In an observational clinical study among 431 dental patients tongue status and blood pressure were documented. Digital photographs of the lateral borders of the tongue for grading of sublingual varices were taken, and blood pressure was measured. Those patients without previous diagnosis of hypertension and with a noted blood pressure ≥ 140 mmHg and/or ≥ 90 mmHg at the dental clinic performed complementary home blood pressure during one week. Those with an average home blood pressure ≥135 mmHg and/or ≥85 mmHg were referred to the primary health care centre, where three office blood pressure measurements were taken with one week intervals. Two independent blinded observers studied the photographs of the tongues. Each photograph was graded as none/few (grade 0) or medium/severe (grade 1) presence of sublingual varices. Pearson’s Chi-square test, Student’s t-test, and multiple regression analysis were applied. Power calculation stipulated a study population of 323 patients.

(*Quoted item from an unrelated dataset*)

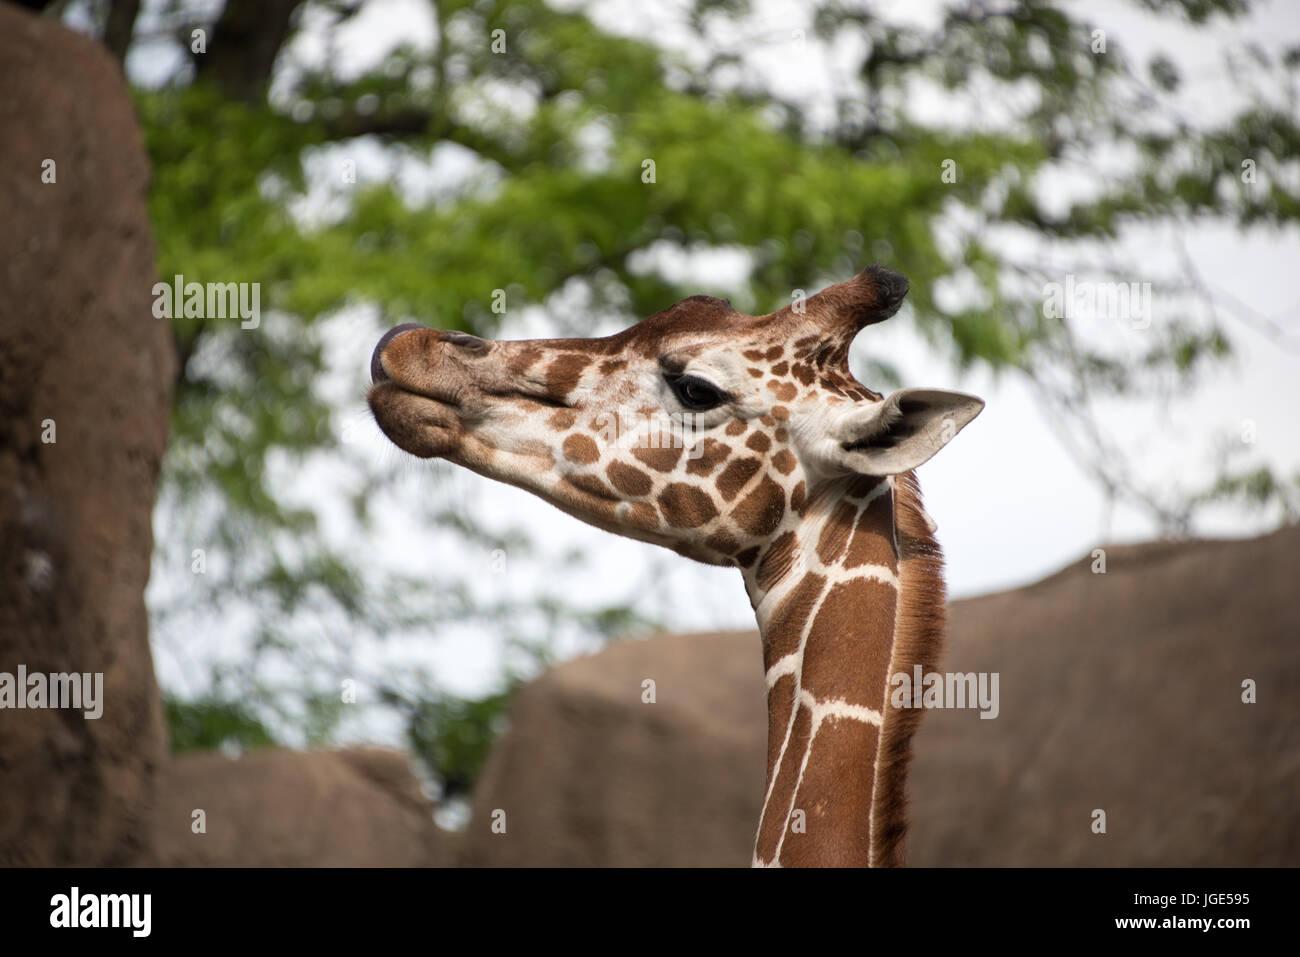 Giraffes Okapis Giraffidae Stock Photos Giraffes Okapis Giraffidae

An association between sublingual varices and hypertension was found (OR = 2.25, p < 0.002). Mean systolic blood pressure was 123 and 132 mmHg in patients with grade 0 and grade 1 sublingual varices, respectively (p < 0.0001, CI 95 %). Mean diastolic blood pressure was 80 and 83 mmHg in patients with grade 0 and grade 1 sublingual varices, respectively (p < 0.005, CI 95 %). Sublingual varices indicate hypertension with a positive predictive value of 0.5 and a negative predictive value of 0.80.


An association was found between sublingual varices and hypertension. Examining the lateral borders of the tongue is easily done, causes no harm and could be a valuable method for the dental profession to take active part in preventive healthcare.